GFtbox Growth factor naming conventions
Prefix
| id_ | identity factors (non-diffusible). Identity factors can be labelled as on the A or B side (ida_, idb_) |
| s_ | signalling factors (diffuse not including polariser) |
| v_ | visualising labels (e.g. theta, bend, kpar, other labels) |
| f_ | finite element manipulation (e.g. seams, making holes) |
Suffix
| _p | vector representing promotor: how much the expression of the factor is being promoted in the model at every node (vertex) in the mesh. |
| _l | vector representing the level of morphogen, i.e. *_p times *_a at every node in the mesh. This gets updated at the end of the interaction function and might change according to growth or mutation, see *_a. |
| _i | scalar index into the main data structure morphogen field, m.morphogen. |
| _a | scalar specifying activity: by default it is 1 and if the factor is mutated or silenced then it is 0. However, it can be in the range [0,...,1]. |
Standard morphogens
Specifying growth
| kapar_p, kapar_a, kapar_l | vector that specifies growth on the 'A' side parallel to the polariser and in the plane of the tissue at every node. |
| kbpar_p, kbpar_a, kbpar_l | vector that specifies growth on the 'B' side parallel to the polariser and in the plane of the tissue at every node. |
| kaper_p, kaper_a, kaper_l | vector that specifies growth on the 'A' side perpendicular to the polariser and in the plane of the tissue at every node. |
| kbper_p, kbper_a, kbper_l | vector that specifies growth on the 'B' side perpendicular to the polariser and in the plane of the tissue at every node. |
| knor_p, knor_a, knor_l | vector that specifies growth normal to the plane of the tissue (i.e. thickness) at every node. |
Controlling growth
| P | vector that specifies Polariser level at every node. |
| strainret_p, strainret_a, strainret_l | vector that specifies strain retention at every node.
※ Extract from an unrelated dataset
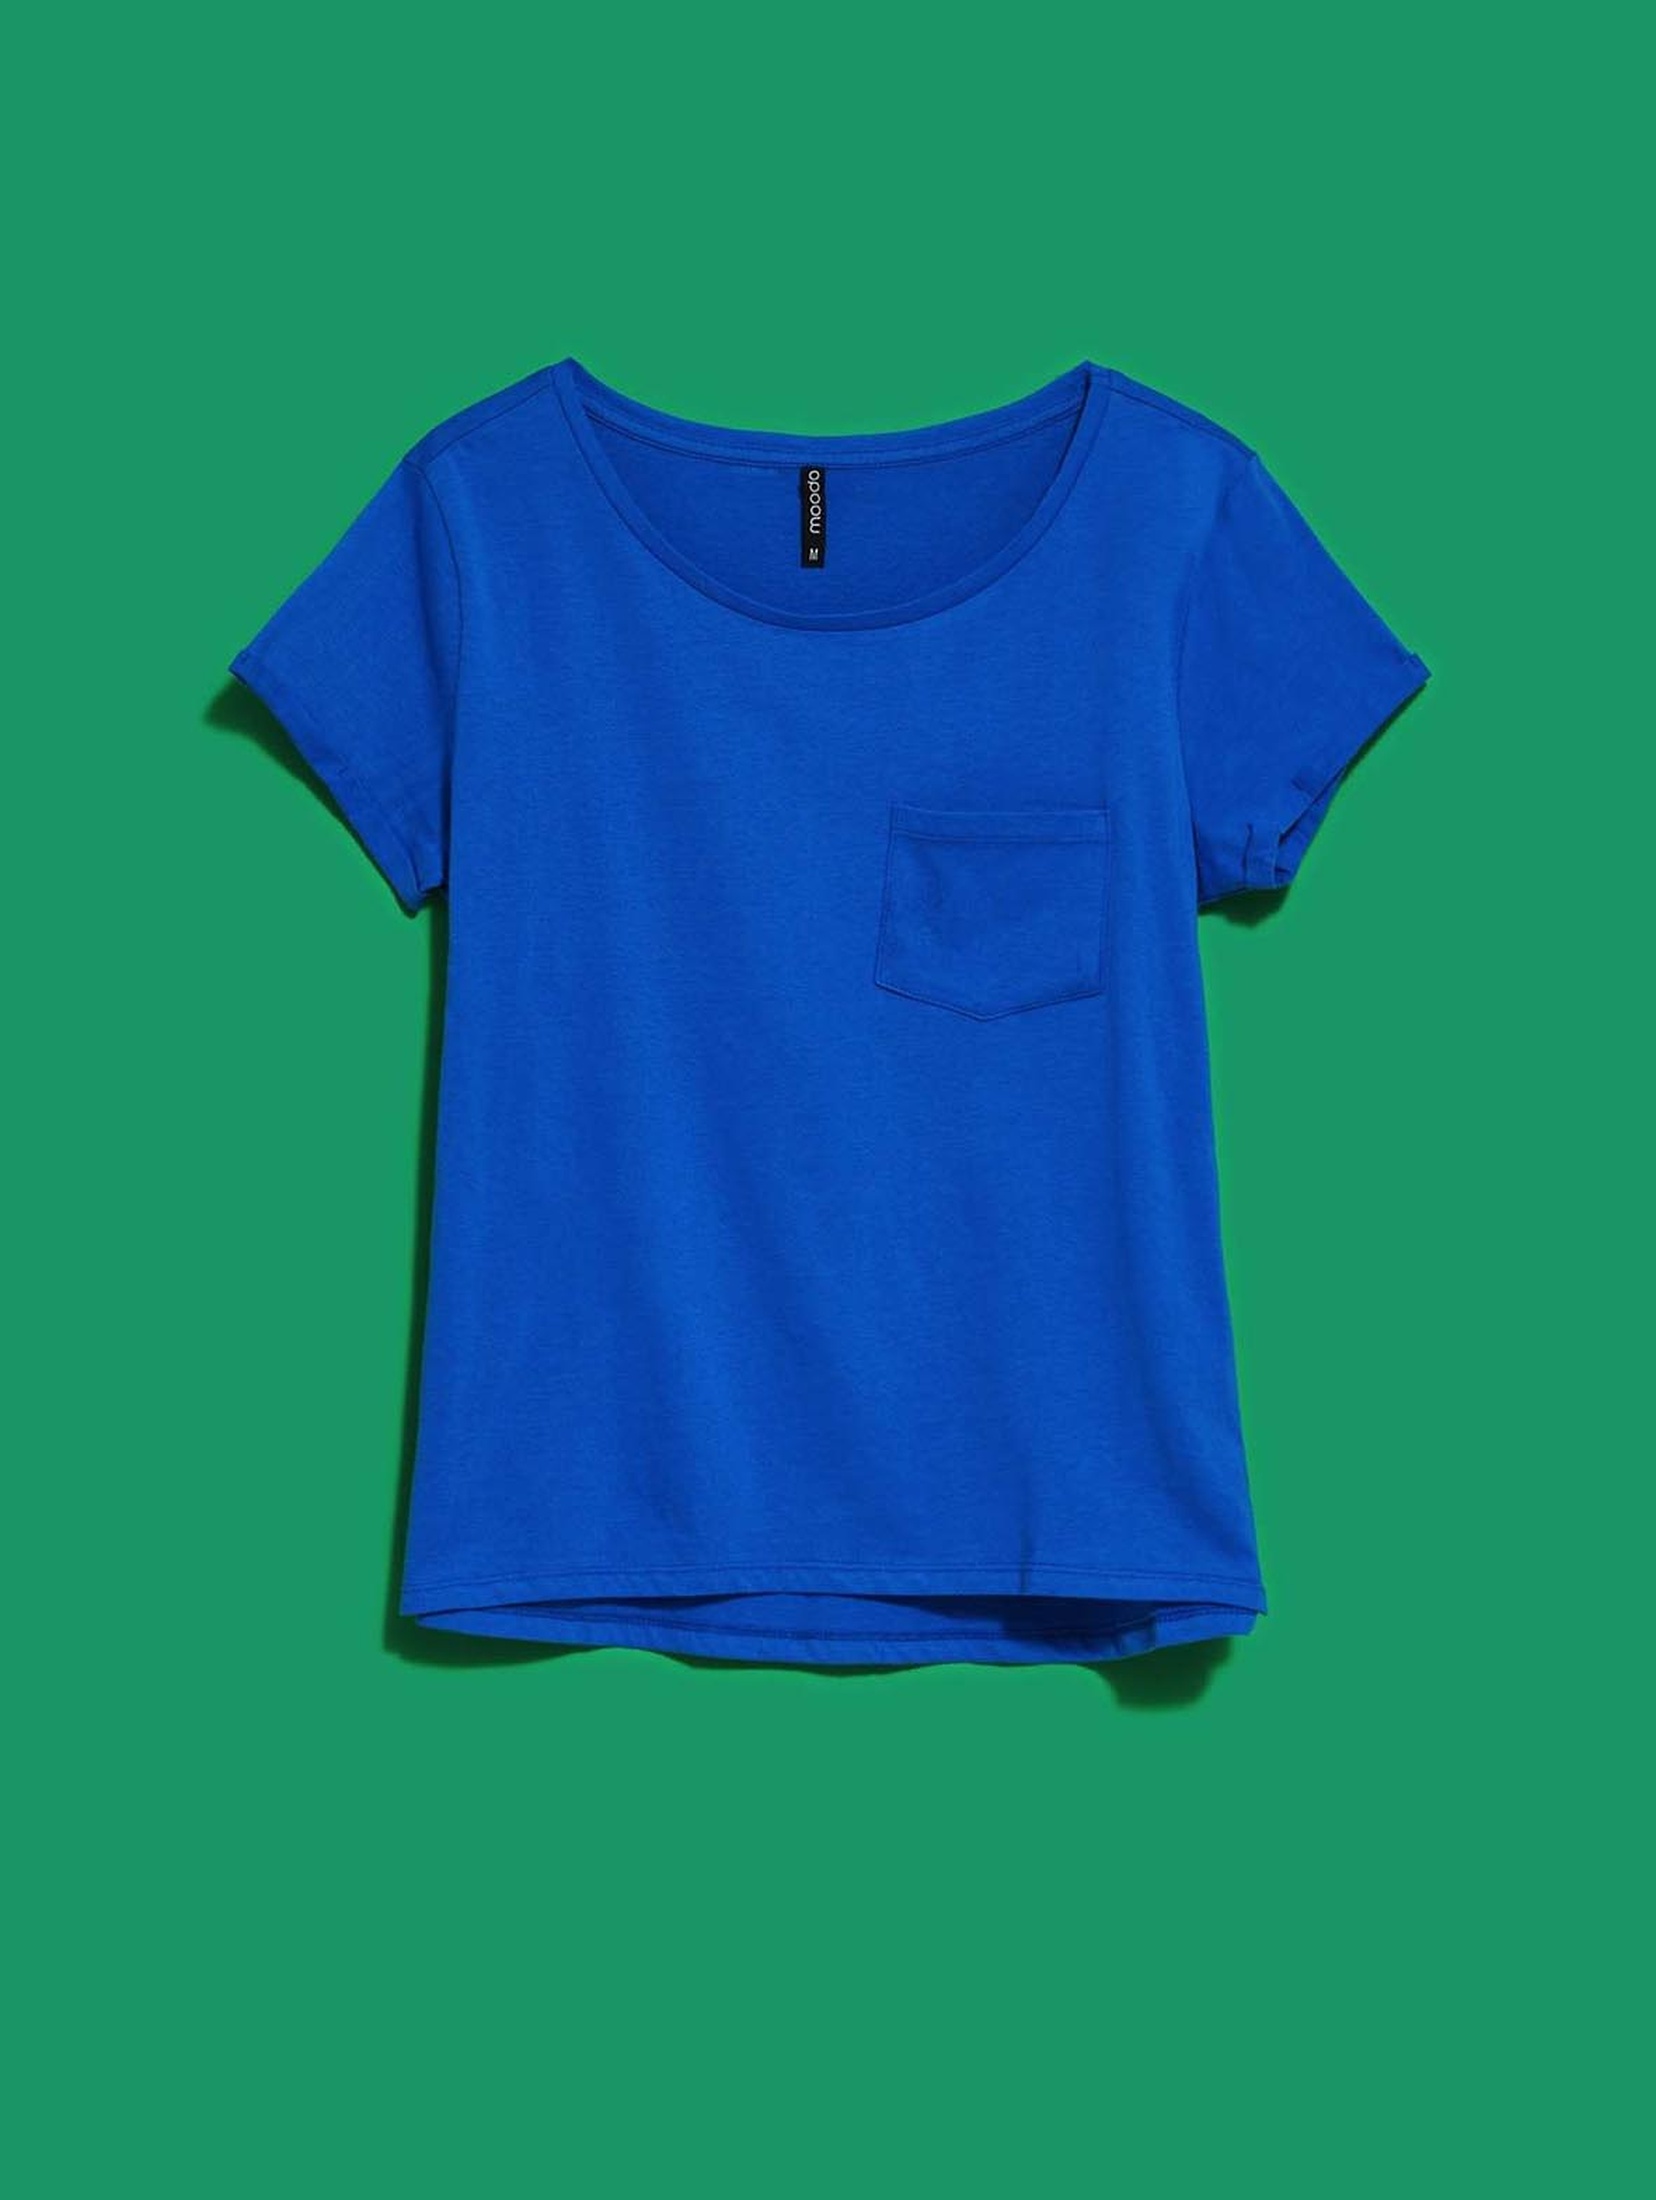 Bawełniany niebieski t-shirt damski z kieszonką

It is a number between 0 (no strain retention, default) and 1 (full strain retention). |
| arrest_p,arrest_a,arrest_l | vector that specifies an overall inhibition of growth at every node of the mesh. It is a number between 0 (no overall inhibition of growth, default) and 1 (fully inhibited). |
User (your) morphogens
Within the interaction function all the usual Matlab variables and types are available. Variables that are to be visible from the GUI must follow certain conventions and be declared within the GUI, see below.
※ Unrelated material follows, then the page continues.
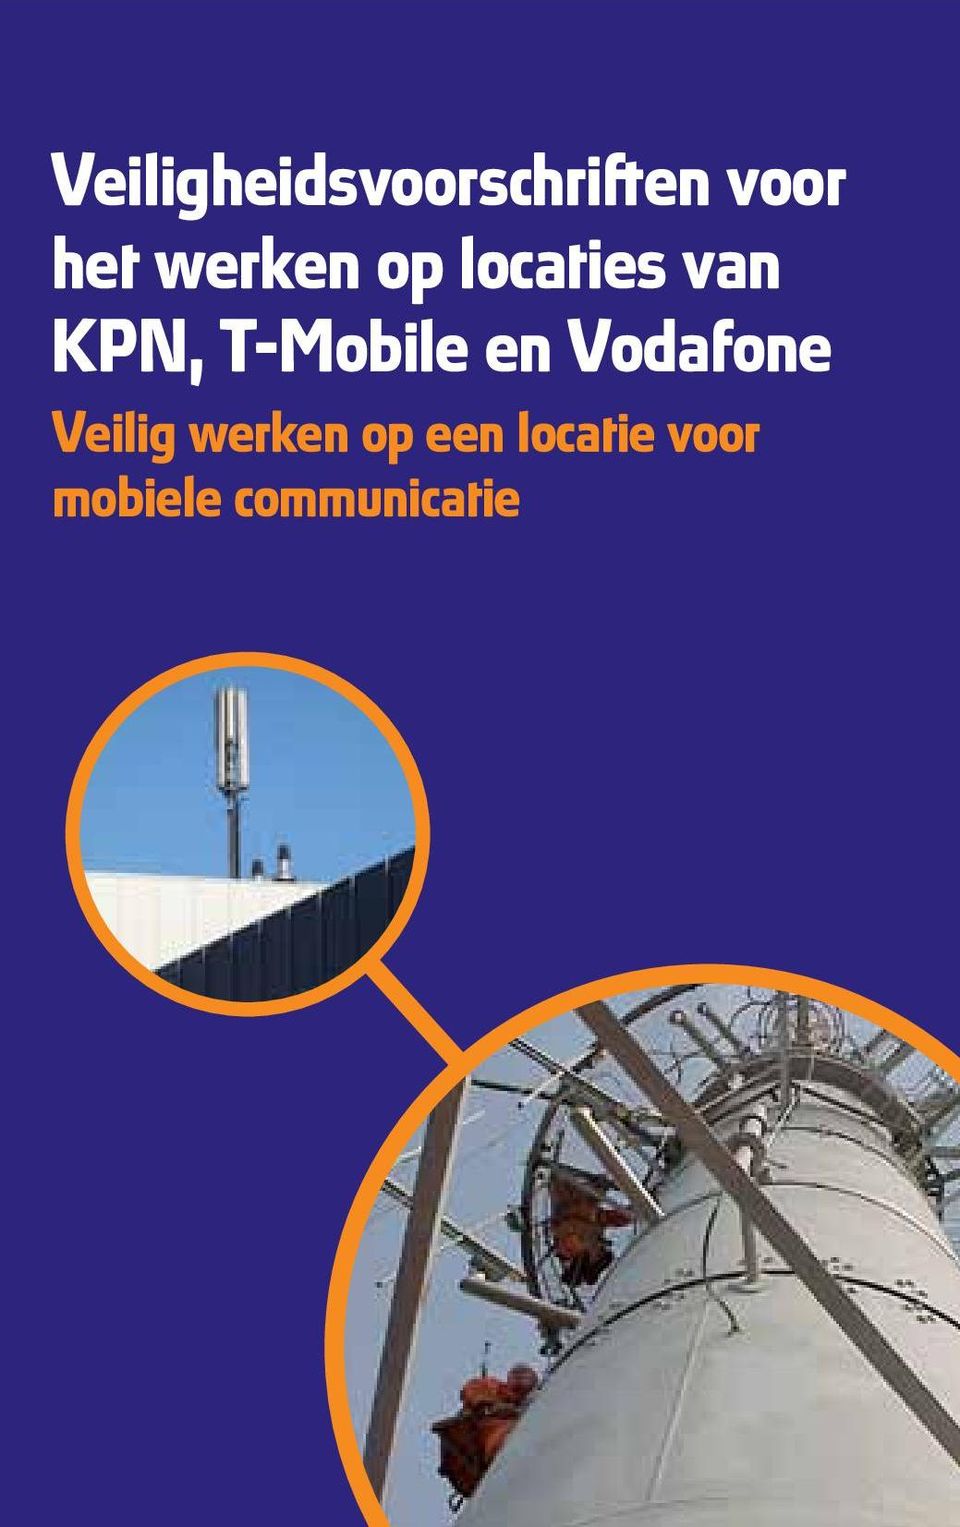 T-Mobile en Vodafone Veilig werken

(Note to programmers: we could have produced a class library to handle the different types of variable - identity factors, signals, etc. However, in our view it is too early in the development of software for modelling the growth of biological tissues to be confident of what will be required. Too build a class library now would be to build a conceptual straightjacket that would inhibit further research.)